20130306

and little accomplishments

must have haircut since signing of school clearance requires semi-military-head-form hairstyle for males. goodbye, shield of my flailing lack of self-esteem.
today i felt great (and until now, actually) because i am already done with all the school projects, except one, which would really take long for anyone to finish. i see my classmates still working and rushing over their school work and in my mind i am like: "that's what you get for procrastinating. hah. look at me. i am FREE". maybe this is what they call Schadenfreude? uh.  i am just very glad i am done with it. (damn i should treat myself to a sundae or something!) 
the father of one of my friends. him and her are both the type of persons likely to be described in a Haruki Murakami novel.
this day began with the miserable accident of having pulled off the side zippers of my father's rescuer boots recklessly (the whole small zipper handle was REMOVED! now you can't pull it up!) which i have had the pleasures of using for a good lot of time now. i am devastated not particularly because it can not be used anymore but because i know my father will massacre my eardrums one more time and proceed with a blasphemous speech of how i am a demon sent to make Earth suffer once he learns of what happened. i must lie now and say i never knew it is broken and it was okay last time i used it. which, now that i think of it, is not effective, since it will only prove how careless i am in terms of any specific bodily movement; that characteristic of Shin the whole family despises most. this is totally worrying me and i have to find a way to put the blame on somebody else. same way my father does with his mistakes.

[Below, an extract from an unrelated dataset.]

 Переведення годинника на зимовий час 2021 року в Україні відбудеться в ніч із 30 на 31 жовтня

at school, we barely had nothing to do since the teachers hypothetically considered yesterday as our final day already and sure enough they had food in the faculty office. wait, what do teachers eat anyways? surely their cult of pedagogical violence involves mastication of human fetus and spaghetti made of brains of students whose cardiac arrests were cause by their brutally sarcastic exams.
oh you special special person~ <3
we had an exam in Special Topic Course (the subject in which each one of us had a turn to hold a seminar with our topic of choice)  and i just can not believe how stupid my friend's answer was in the question "what are 10 signs of being gay?" some of her responses were: -rich, -wise -artistic. i have no idea what she had in mind when writing that. in fact i have no idea if she had a mind at all in the first place.
and then submission of the myths our class had fabricated for Mythology class. we are already done with it since yesterday because i am an earnest writer (kidding.) and have finished it quickly. my two groupmates are lucky because all they had to do was type and print it and then relax like some basic bitches. the three of us just watched how panicked everybody else is with their prose and were like: "*yaaawn* this is getting boring."

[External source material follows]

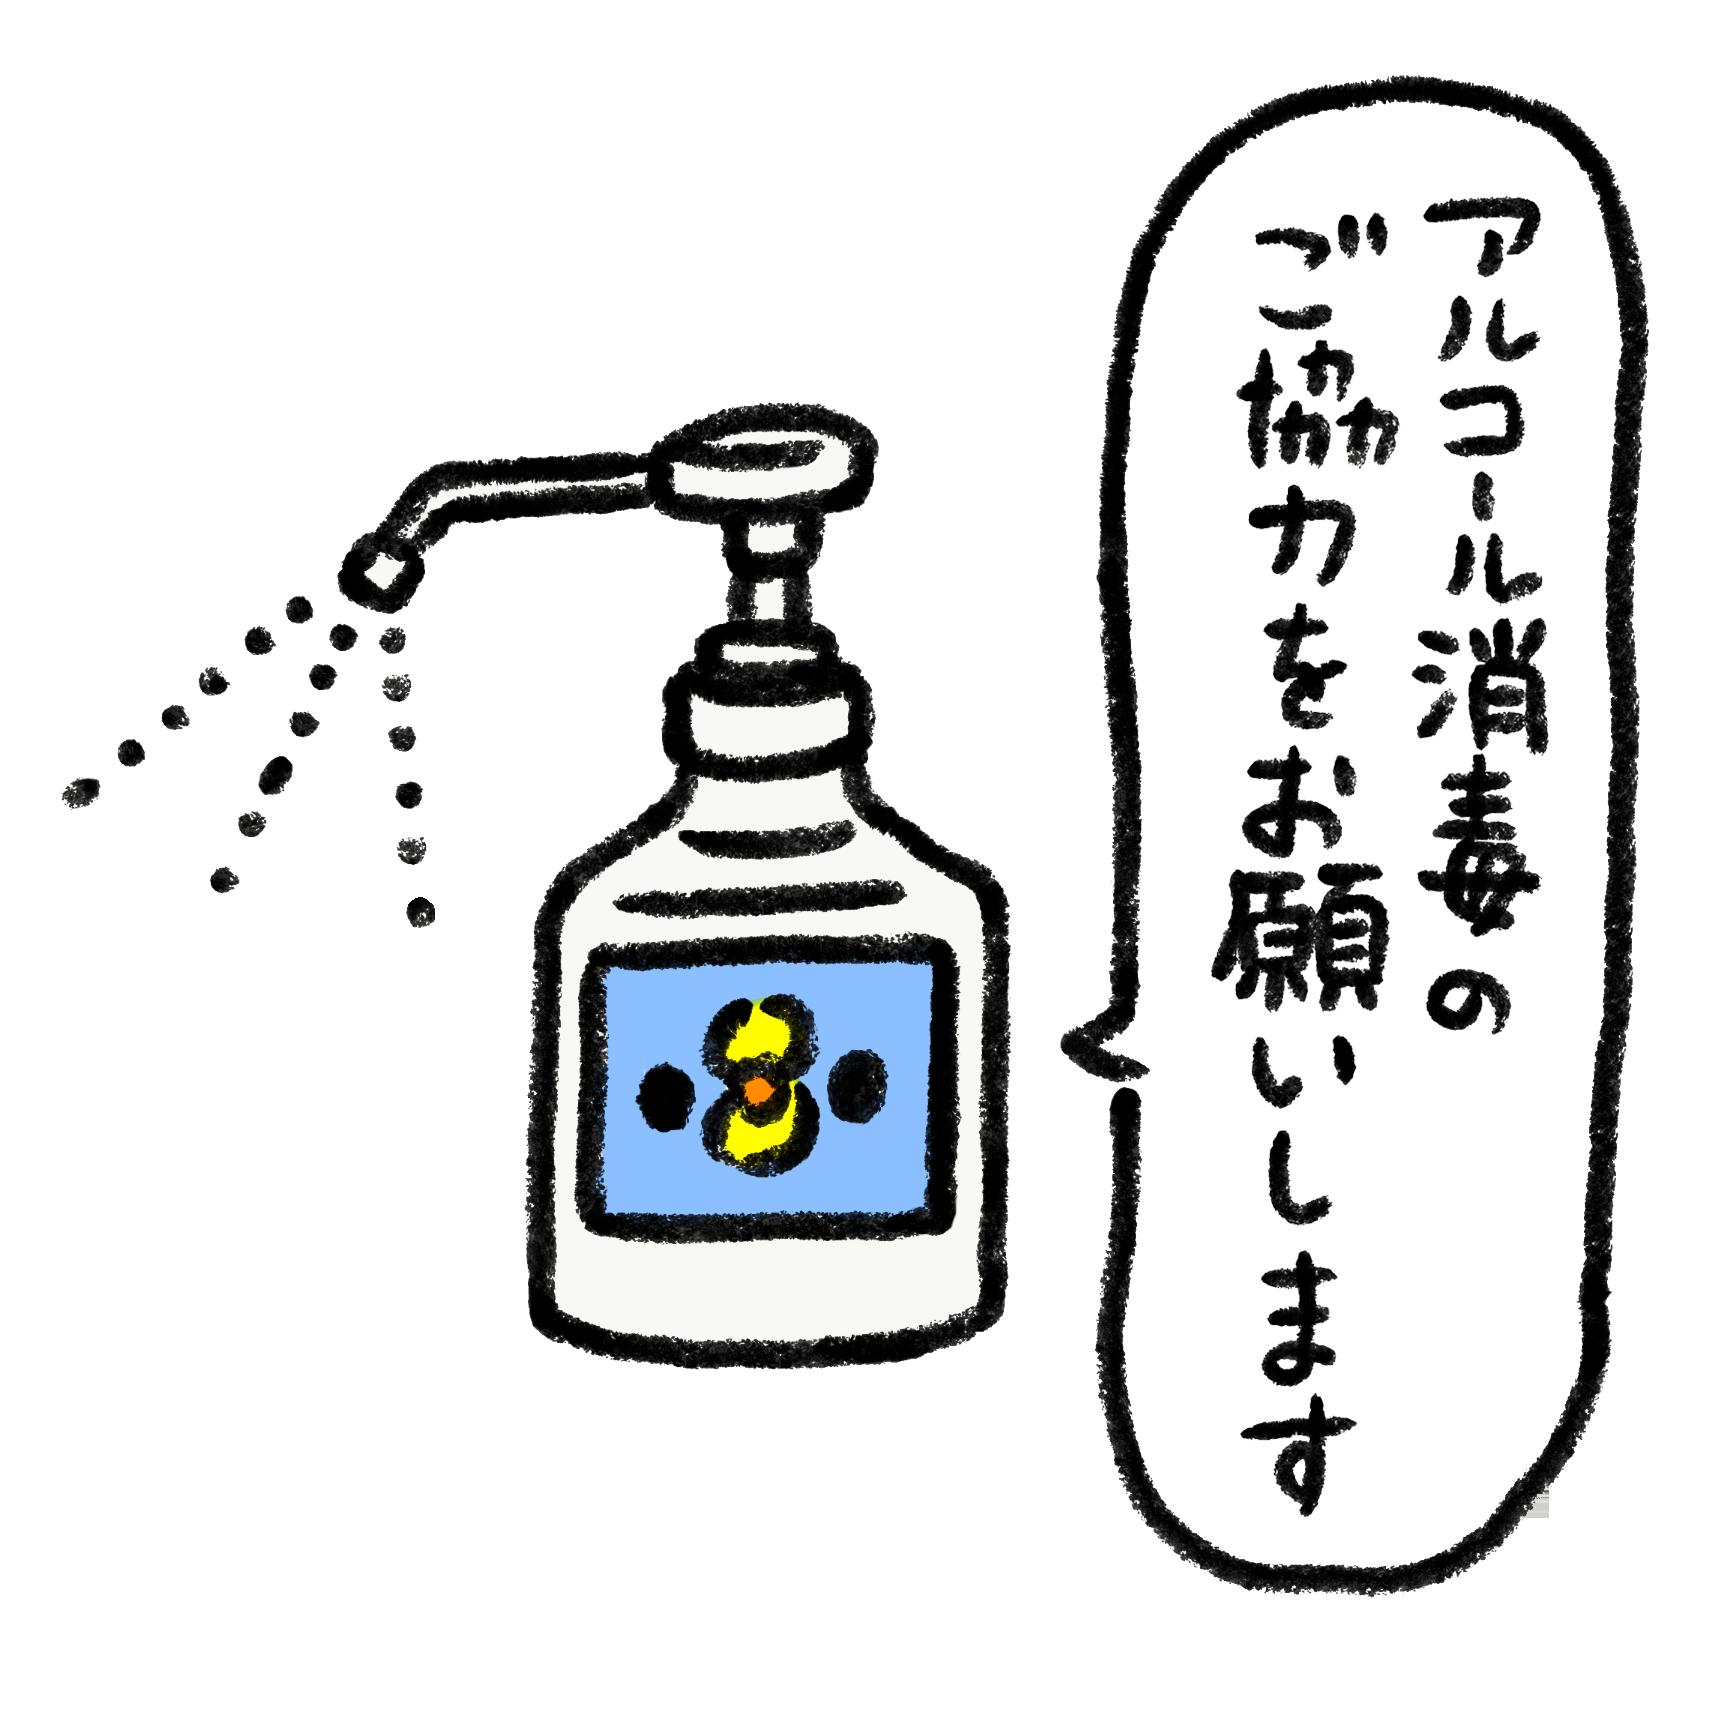 アルコール消毒のご協力をお願いするアルコールひよこ

as i am writing this, i am also Photoshop-cleaning some drawings (which are appearing in this entry) i did today. i am also totally digging the playlist Charlie did for Patrick in the book The Perks of Being a Wallflower. it's called One Winter and i absolutely love all songs in it except Scarborough Fair. sorry, Simon & Garfunkel.
so jealous of couples who love and lust each other equally
Miss Del Rey, will you serve me a lemonade
on the way home i was listening to this and unintentionally imagined my death and funeral and i was "assuming" she would cry. i ended up teary-eyed too. how abnormal.